Automatic Comment Moderation

async def moderate_comment(comment: str, post_context: str) -> dict:
    response = await client.chat.completions.create(
        model="gpt-4o-mini",
        messages=[{
            "role": "system",
            "content": """Moderate comment. Return JSON:
            {
                "action": "approve|delete|flag_review|auto_reply",
                "reason": "...",
                "auto_reply": "response text if action=auto_reply"
            }

            Delete: spam, ads, insults, profanity.
            Auto-reply: product questions, thanks, complaints (initial response).
            Review: borderline content, legal questions."""
        }, {
            "role": "user",
            "content": f"Post context: {post_context[:200]}\nComment: {comment}"
        }],
        response_format={"type": "json_object"}
    )
    return json.loads(response.choices[0].message.content)

Cross-posting via APIs

class MultiChannelPublisher:
    async def publish_telegram(self, text: str, media: list = None, channel_id: str = None):
        import telegram
        bot = telegram.Bot(token=TELEGRAM_TOKEN)
        if media:
            await bot.send_photo(chat_id=channel_id, photo=media[0], caption=text)
        else:
            await bot.send_message(chat_id=channel_id, text=text, parse_mode="HTML")

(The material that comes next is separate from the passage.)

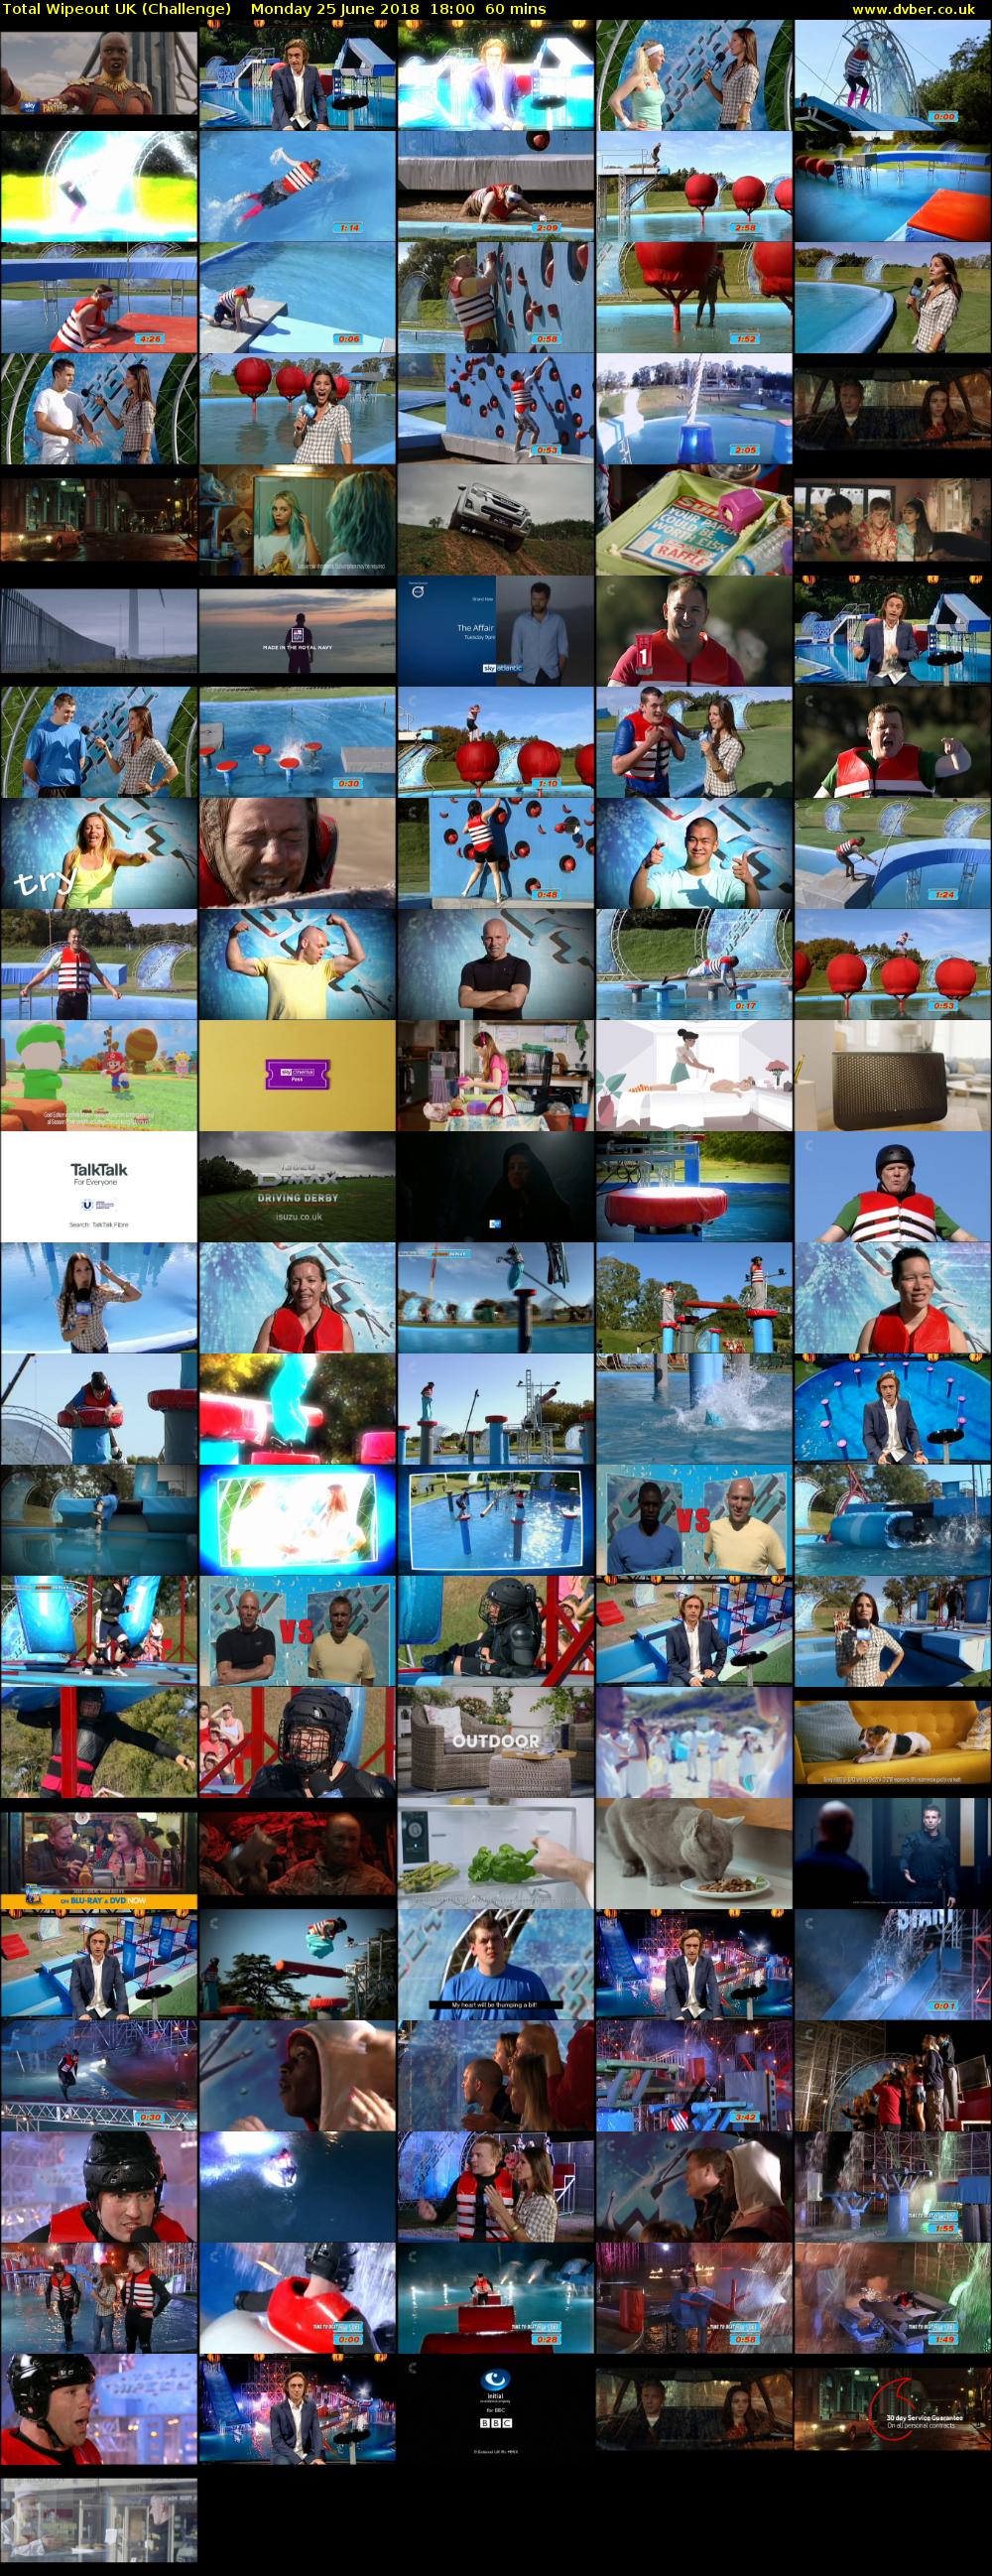 Total Wipeout UK (Challenge) Monday 25 June 2018 18:00 - 19:00

    async def publish_vk(self, text: str, media: list = None, group_id: str = None):
        import vk_api
        vk = vk_api.VkApi(token=VK_TOKEN).get_api()
        vk.wall.post(owner_id=f"-{group_id}", message=text)

Analytics and Reporting

async def generate_weekly_content_report(analytics: dict) -> str:
    response = await client.chat.completions.create(
        model="gpt-4o",
        messages=[{
            "role": "system",
            "content": "Create weekly content manager report. Structure: top posts, reach/engagement, best formats, recommendations."
        }, {
            "role": "user",
            "content": json.dumps(analytics, ensure_ascii=False)
        }]
    )
    return response.choices[0].message.content

Timeline: basic agent with scheduled posting and 2–3 channel adaptation — 2–3 weeks. Full system with moderation, analytics, and integrations — 6–8 weeks.